WHAT THE EXERCISE ASKS
When you copy from the entries that follow, take only the lines from the one with "Ножки (NJ_0706) 3D модель для ЧПУ станка" down to the one with "Германия плюс, газета. 2013 №6 стр.10", keeping both ends and dropping every picture.

DATA PROVIDED
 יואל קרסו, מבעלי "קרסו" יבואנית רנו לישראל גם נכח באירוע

* * *

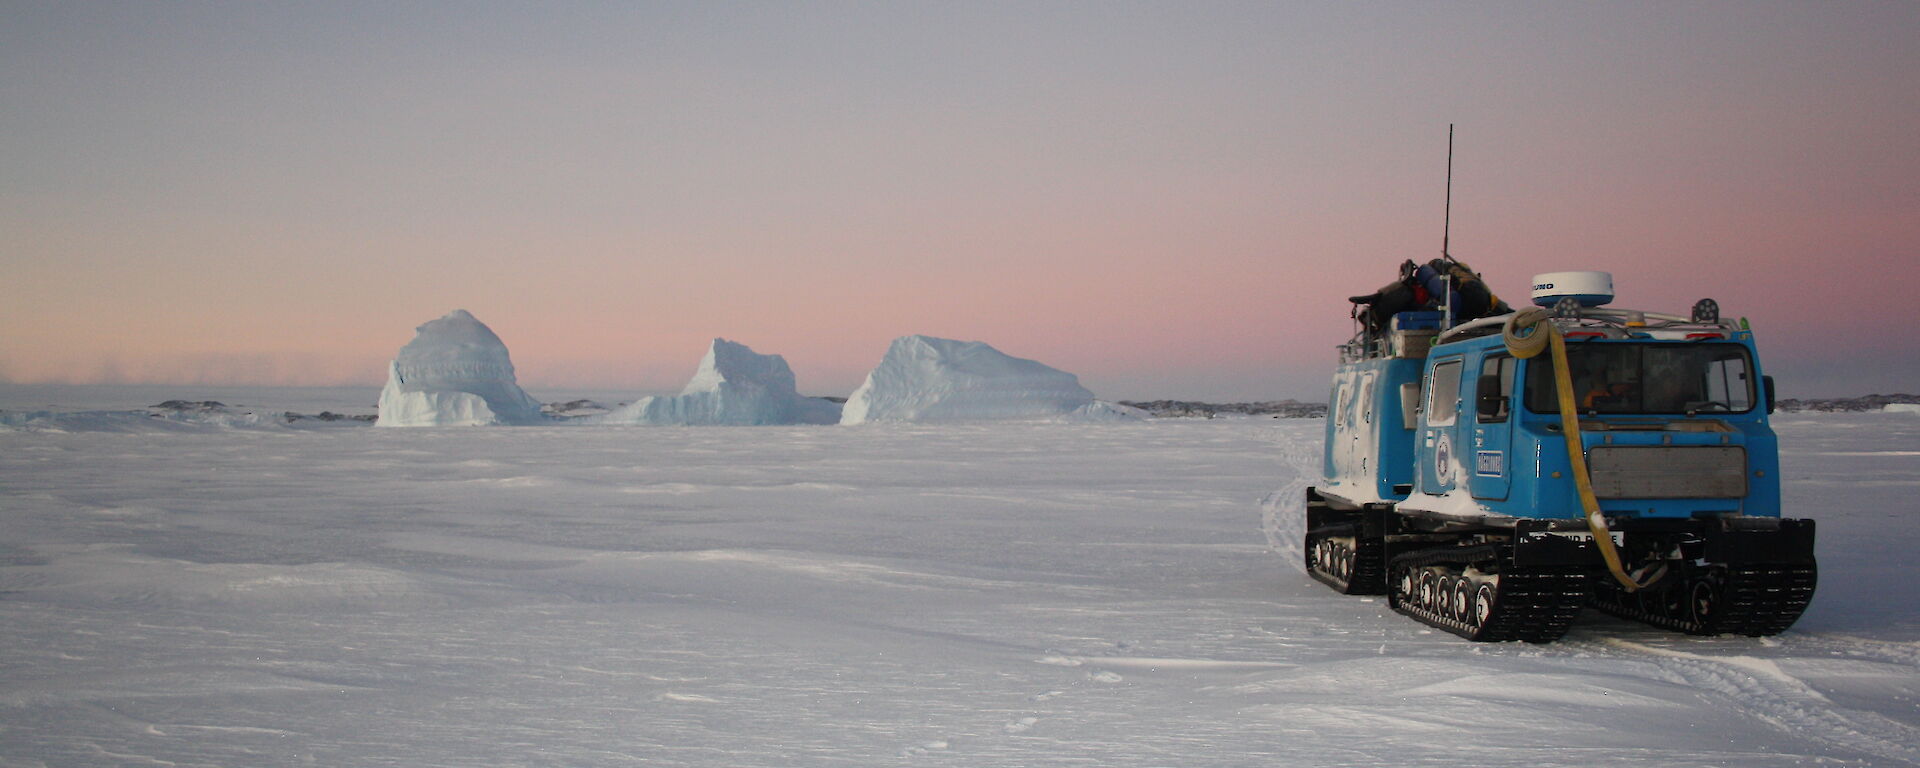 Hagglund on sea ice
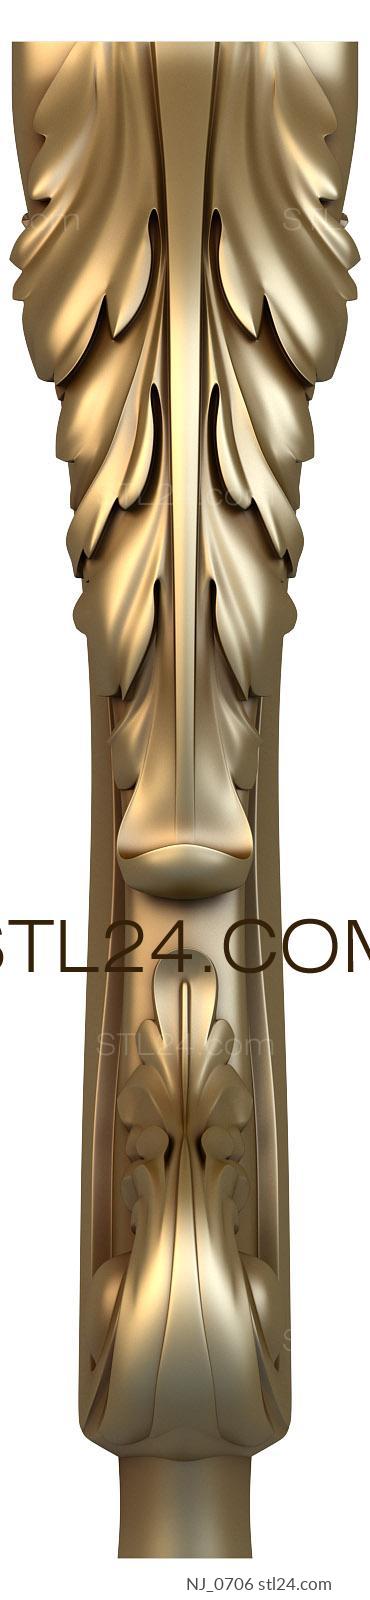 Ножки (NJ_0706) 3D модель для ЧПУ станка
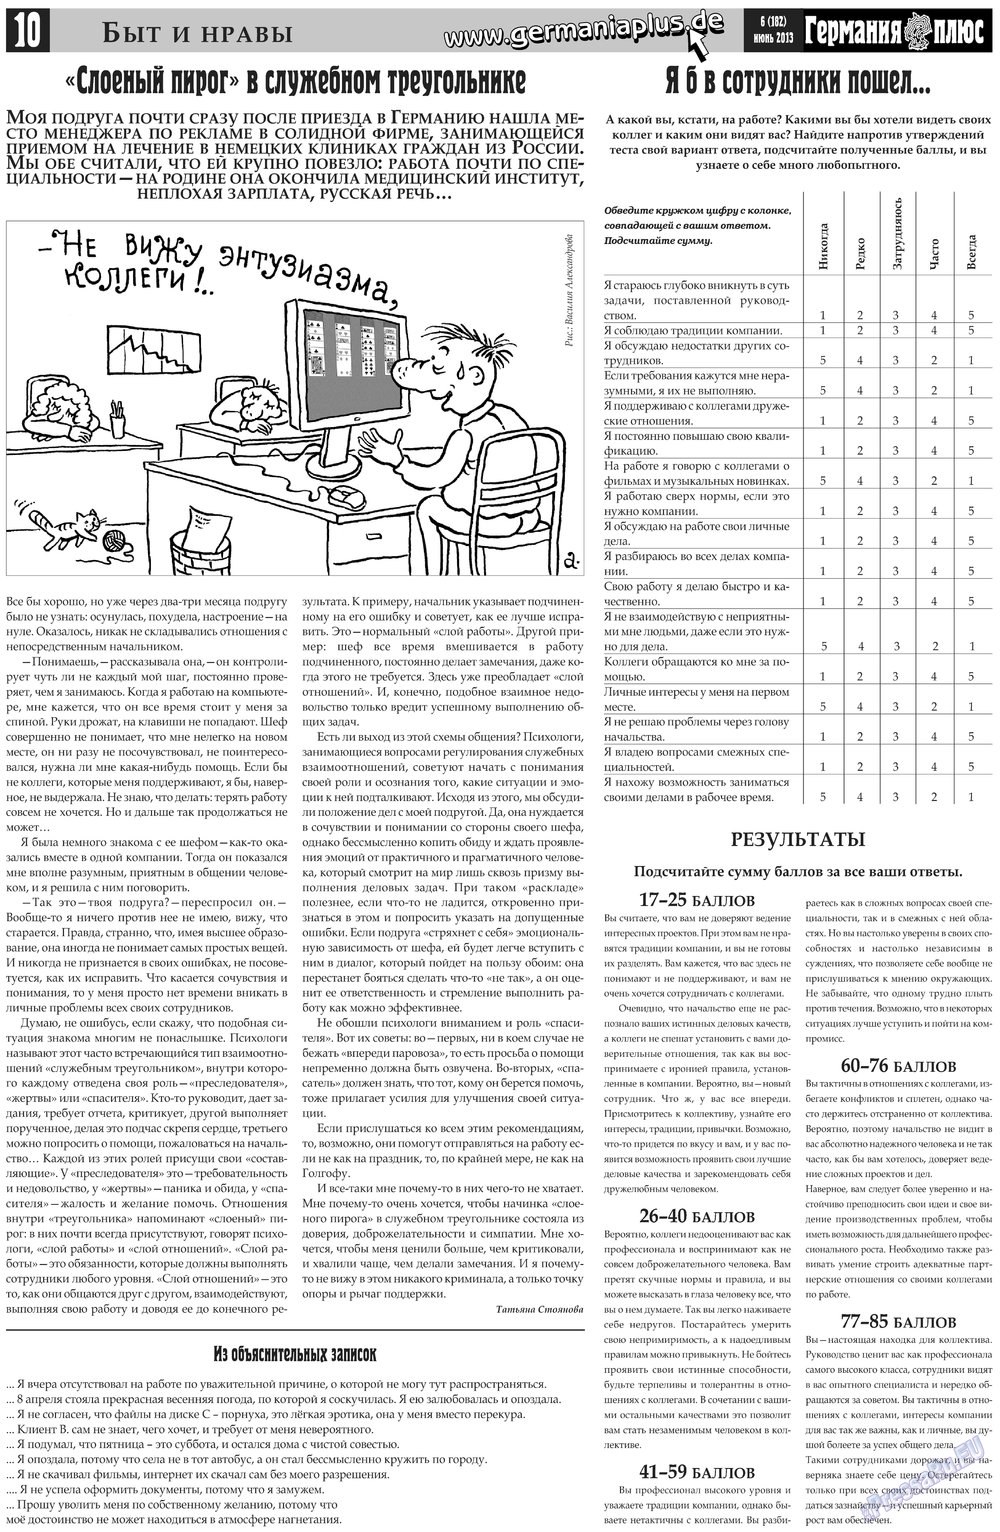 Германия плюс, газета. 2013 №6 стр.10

...

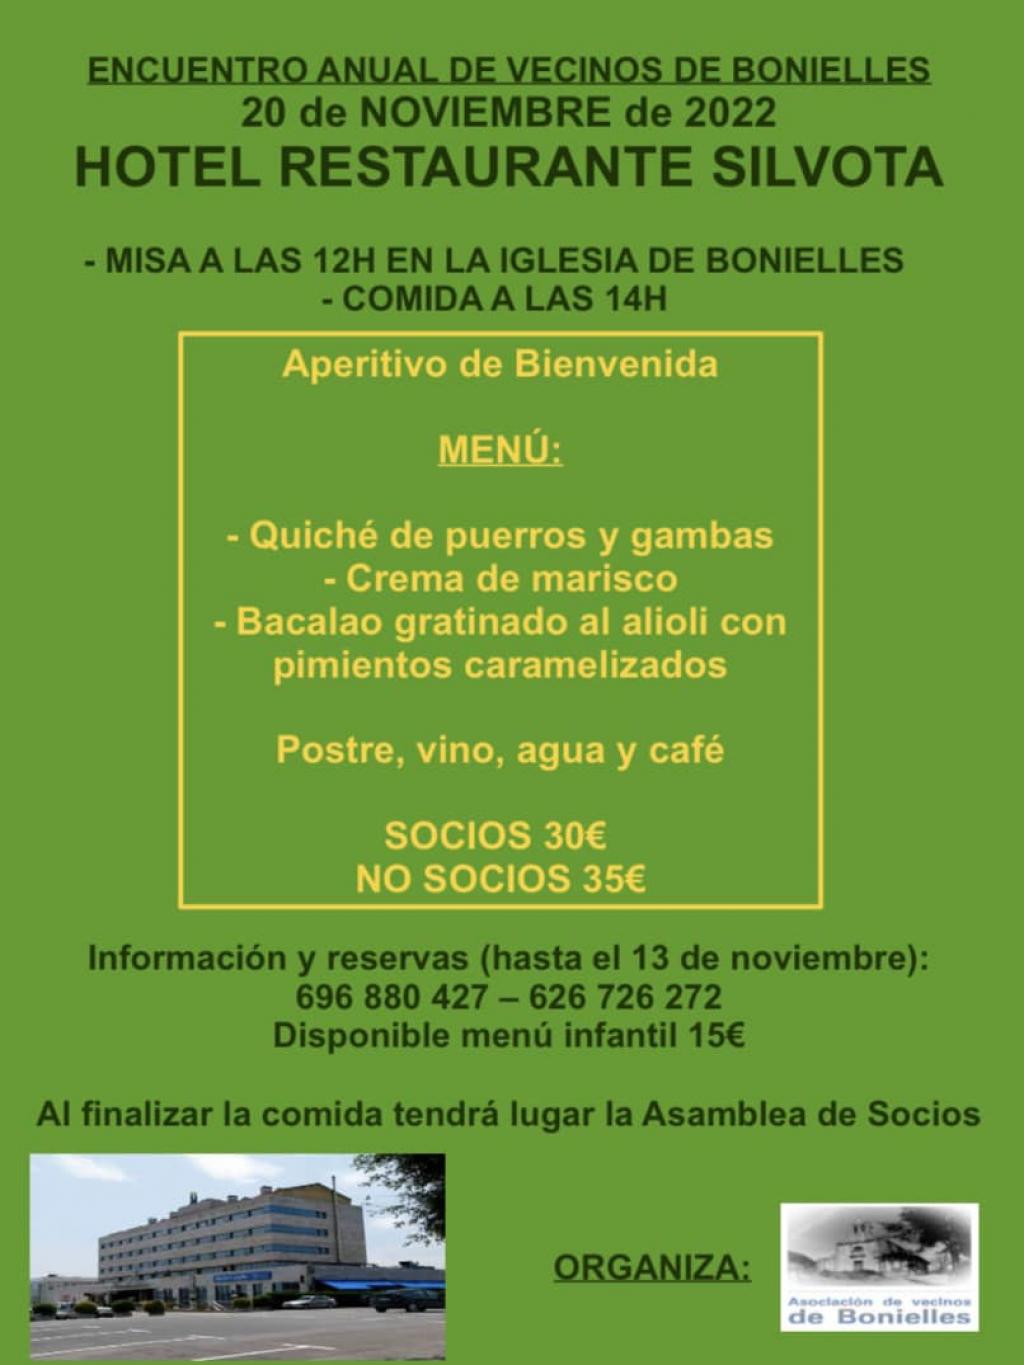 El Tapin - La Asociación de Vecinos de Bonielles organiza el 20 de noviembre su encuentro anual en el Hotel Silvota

SOLVED PROBLEM
 Ножки (NJ_0706) 3D модель для ЧПУ станка
 Германия плюс, газета. 2013 №6 стр.10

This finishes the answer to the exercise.